Windows - Maintenance - Maintenance Window Reboots

Hi Cbranum,

If you have a green checkmark next to your policy name, in general it indicates the endpoint is compliant (in this case, no reboot needed) and the Remediation code will not run.

The Remediation code will run under one of two conditions: The endpoint is not compliant (clock icon next to the policy name on the device, automated run, as scheduled) or if you force it to run (Run On This Device Now).

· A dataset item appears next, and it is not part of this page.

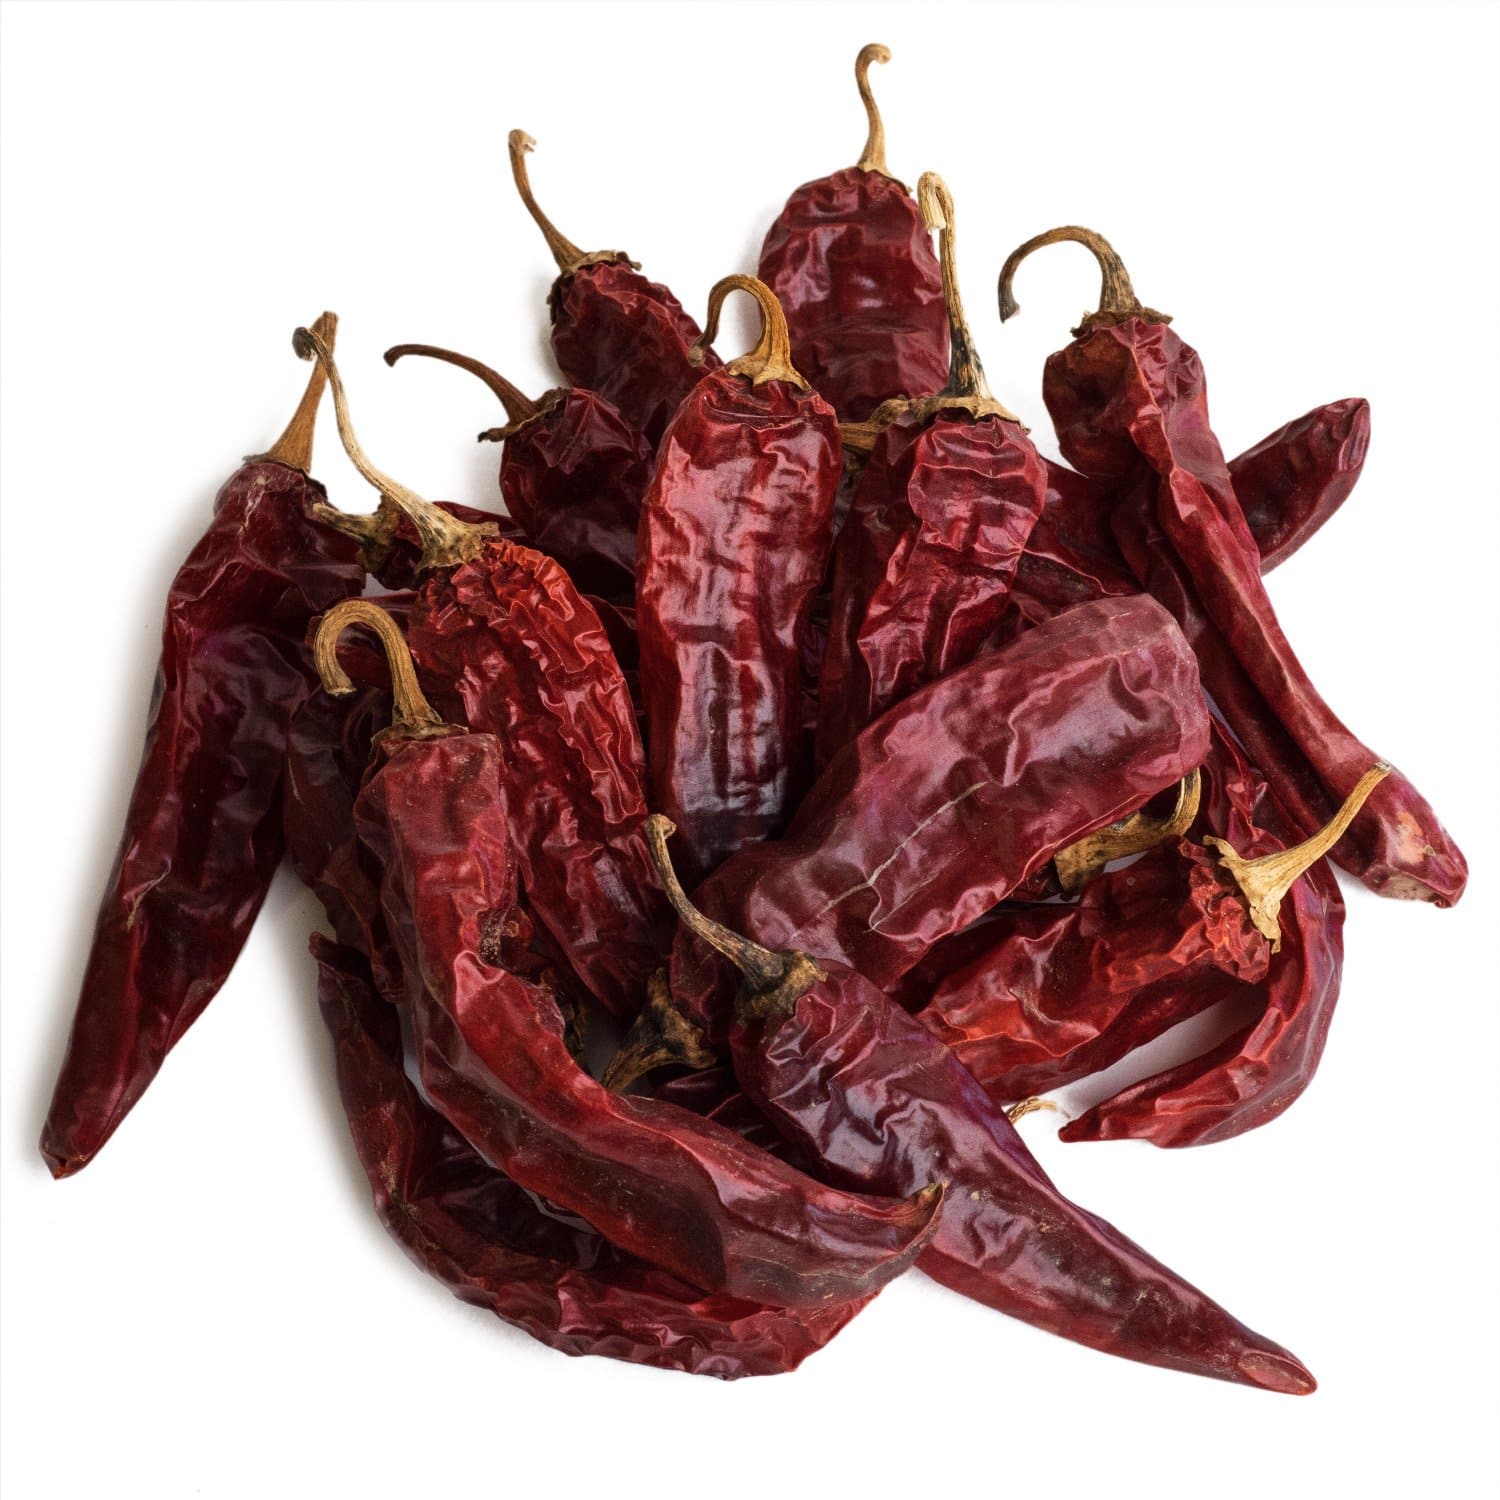 A pile of Dried Hatch Red Chile Pods with wrinkled textures and intact stems, isolated on a white background.

You can manipulate this behavior. If you want the Remediation code to run as scheduled every time regardless of compliance then you can put ‘exit 1’ in the Evaluation code. This makes the console think the endpoint is not compliant (even though it might be, we just dont care in this case) and the Remediation code will then run.

It is important to scan your device after assigning a new Worklet policy to it (or group of devices). This happens automatically based on the group scan interval, but I prefer to kick a scan off manually to just get it out of the way, no waiting.

I imagine we could revise the Evaluation code of the Worklet in this case. Looking at the exact notes, there actually isn’t even a condition being checked in the Evaluation code to see if a reboot is pending. It just sets up a potential time window to execute the Remediation code. (Am I (the eval code) running on a certain day at a certain time? If yes, queue up the Remediation code.) If my understanding is accurate its not the best approach we could offer since we couldn’t ensure a scan automatically runs within the parameters of the Evaluation code, and also the Remediation code has to be scheduled for execution which would also fall out of the ‘window’ desired or specified in the Evaluation code.

I think it would make sense to put most of the ‘checks’ found in the Remediation code into the Evaluation code. I’ll ask Anthony on monday to see if I need clarity on my understanding of if we can update how this is functioning.